Question
A cylindrical barrel with a diameter of 2 feet contains collected rainwater, as shown in the figure above. The water drains out through a valve (not shown) at the bottom of the barrel. The rate of change of the height h of the water in the barrel with respect to time t is modeled by \(\frac{dh}{dt}=-\frac{1}{10}\sqrt{h},\) where h is measured in feet and
t is measured in seconds. (The volume V of a cylinder with radius r and height h is V = πr2h.)
(a) Find the rate of change of the volume of water in the barrel with respect to time when the height of the water is 4 feet.
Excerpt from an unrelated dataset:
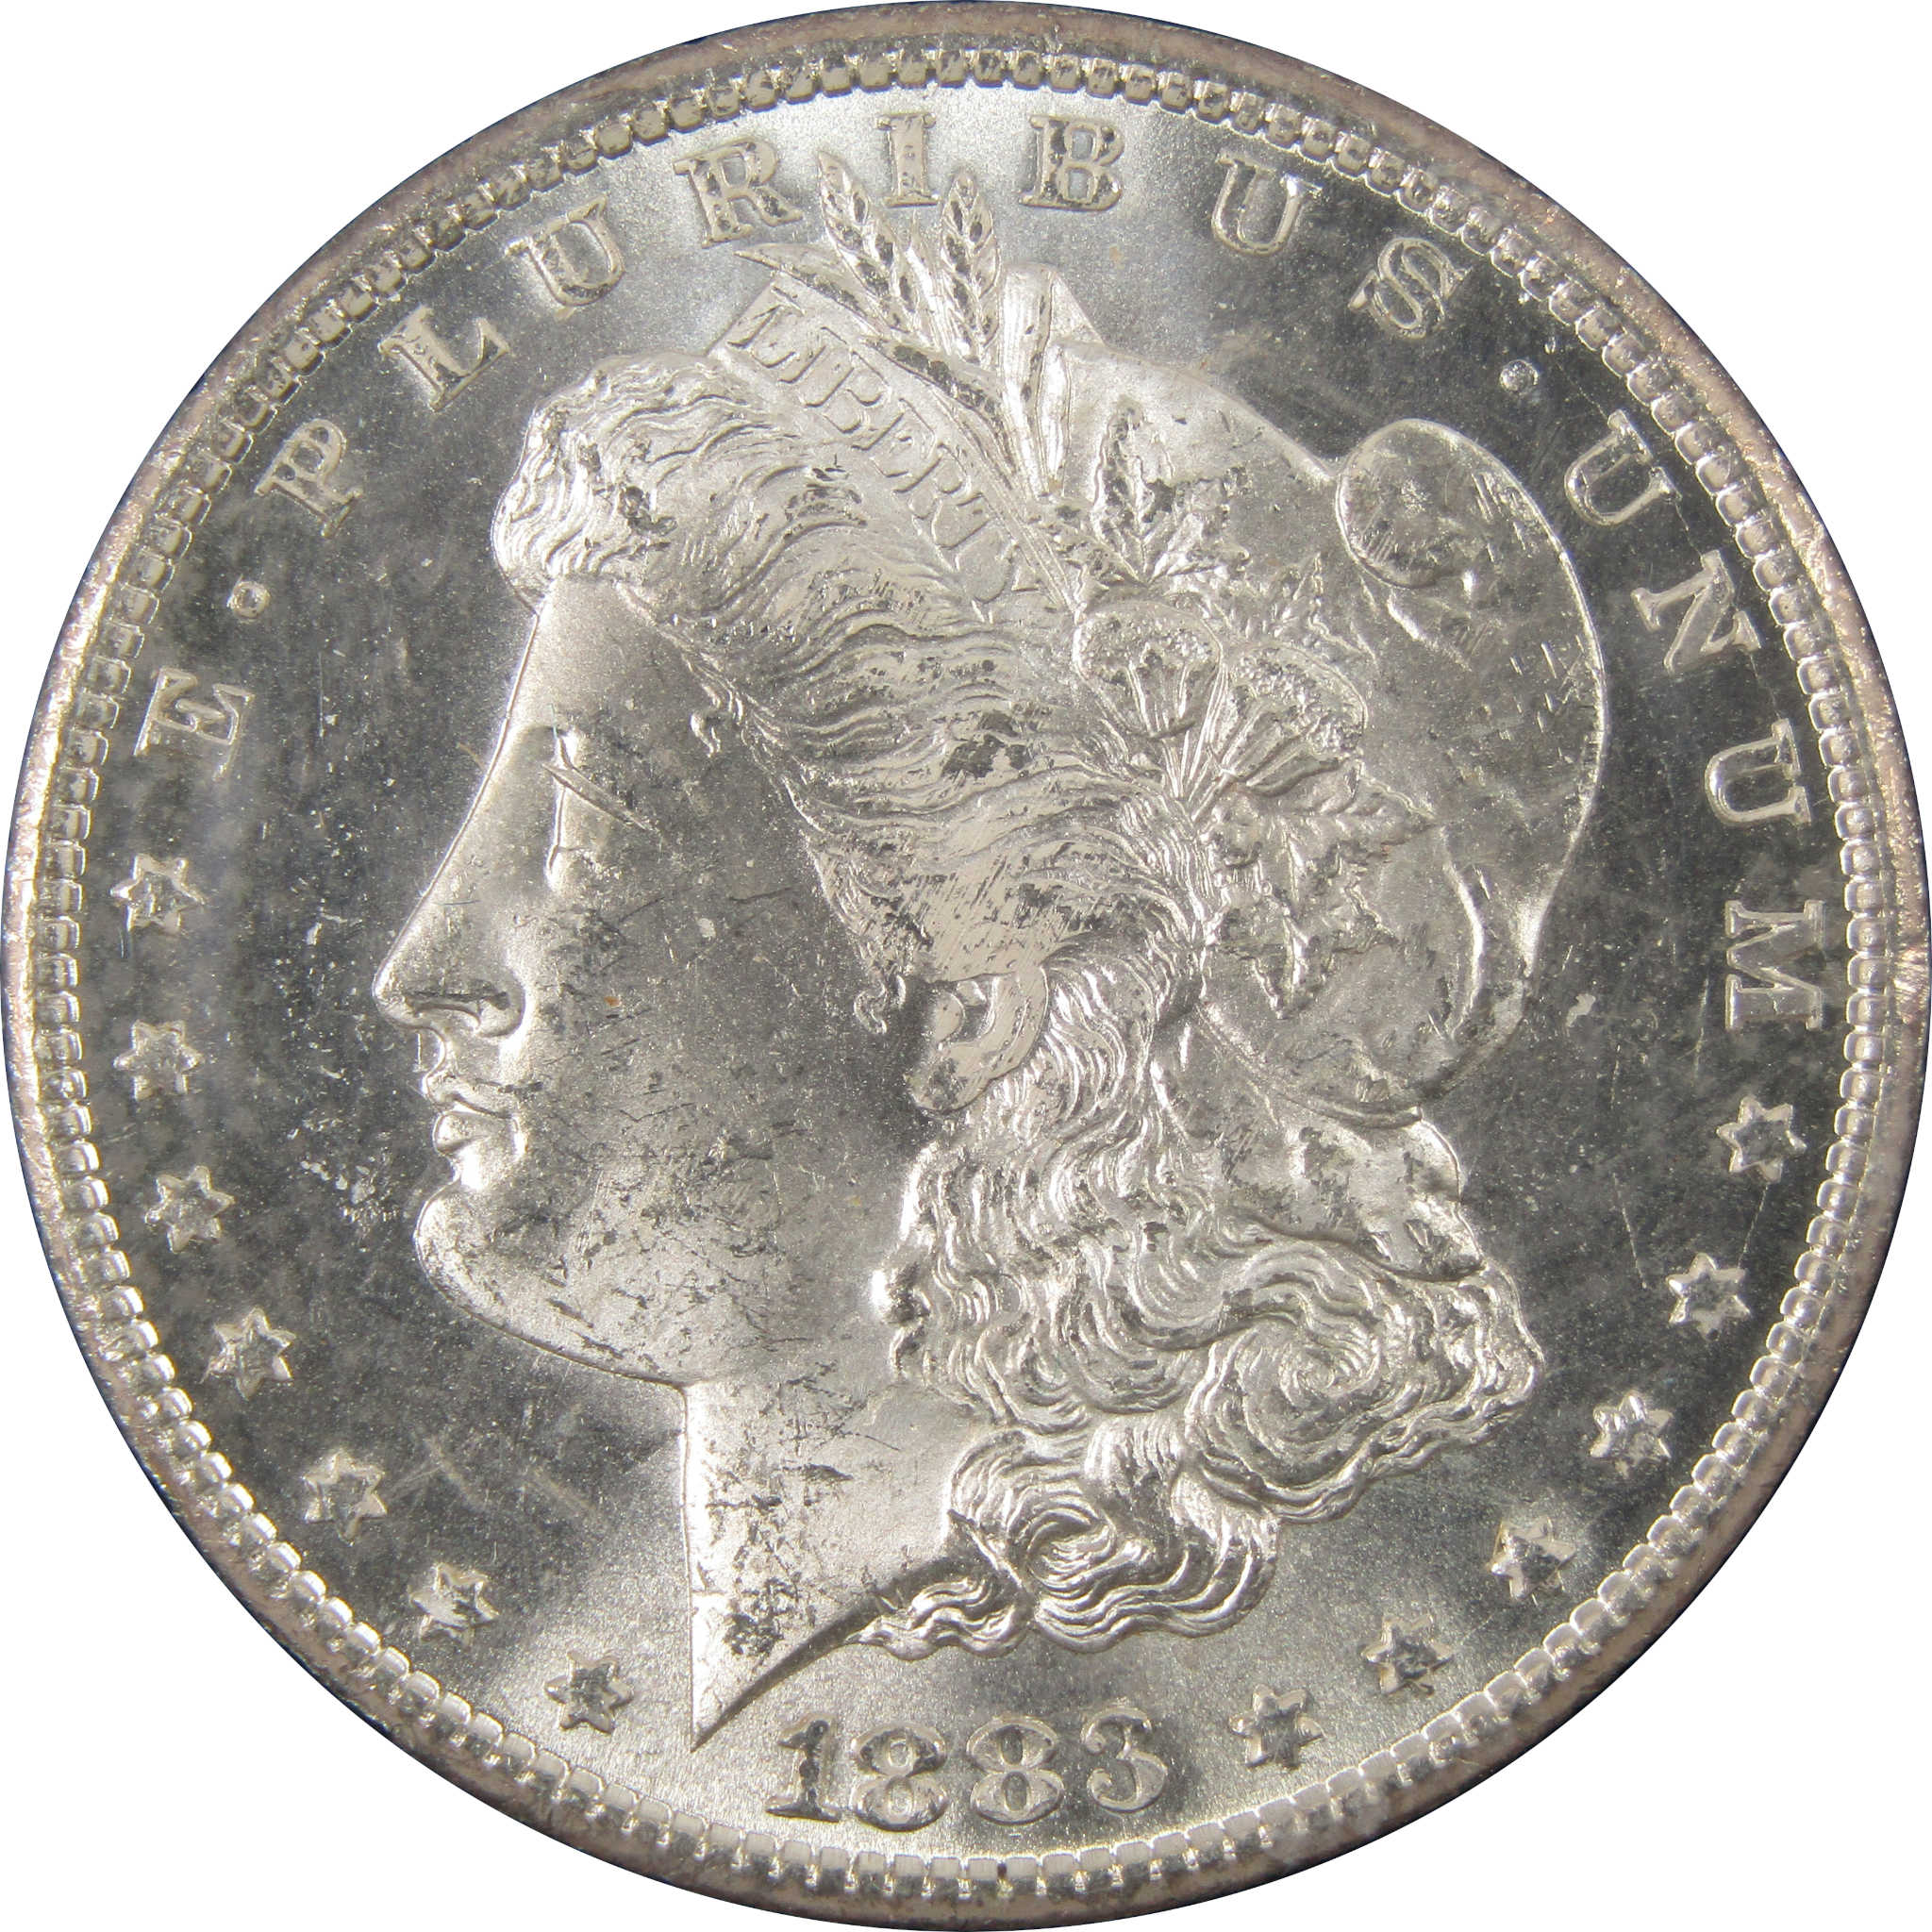 1883 CC GSA Morgan Dollar BU Choice Uncirculated Silver $1 SKU:I9439 - Morgan coin - Morgan silver dollar - Morgan silver dollar for sale - Profile Coins &amp; Collectibles

Indicate units of measure.
(b) When the height of the water is 3 feet, is the rate of change of the height of the water with respect to time increasing or decreasing? Explain your reasoning.
(c) At time t = 0 seconds, the height of the water is 5 feet. Use separation of variables to find an expression for h in terms of t.
Answer/Explanation
Ans:
(a) \(V = \pi r^{2}h=\pi (1)^{2}h=\pi h\)
\(\frac{dV}{dt}|_{h=4}=\pi \frac{dh}{dt}|_{h=4}=\pi \left ( -\frac{1}{10}\sqrt{4} \right )=-\frac{\pi }{5}\) cubic feet per second
(b) \(\frac{d^{2}h}{dt^{2}}=-\frac{1}{20\sqrt{h}}\cdot \frac{dh}{dt}=-\frac{1}{20\sqrt{h}}\cdot \left ( -\frac{1}{10} \sqrt{h}\right )=\frac{1}{200}\)
Because \(\frac{d^{2}h}{dt^{2}}=\frac{1}{200}>0\) for h > 0, the rate of change of the height is increasing when the height of the water is 3 feet.
(c) \(\frac{dh}{\sqrt{h}}=-\frac{1}{10}dt\)
\(\int \frac{dh}{\sqrt{h}}=\int -\frac{1}{10}dt\)
\(2\sqrt{h}=-\frac{1}{10}t+C\)
\(2\sqrt{5}=-\frac{1}{10}\cdot 0+C\Rightarrow C = 2\sqrt{5}\)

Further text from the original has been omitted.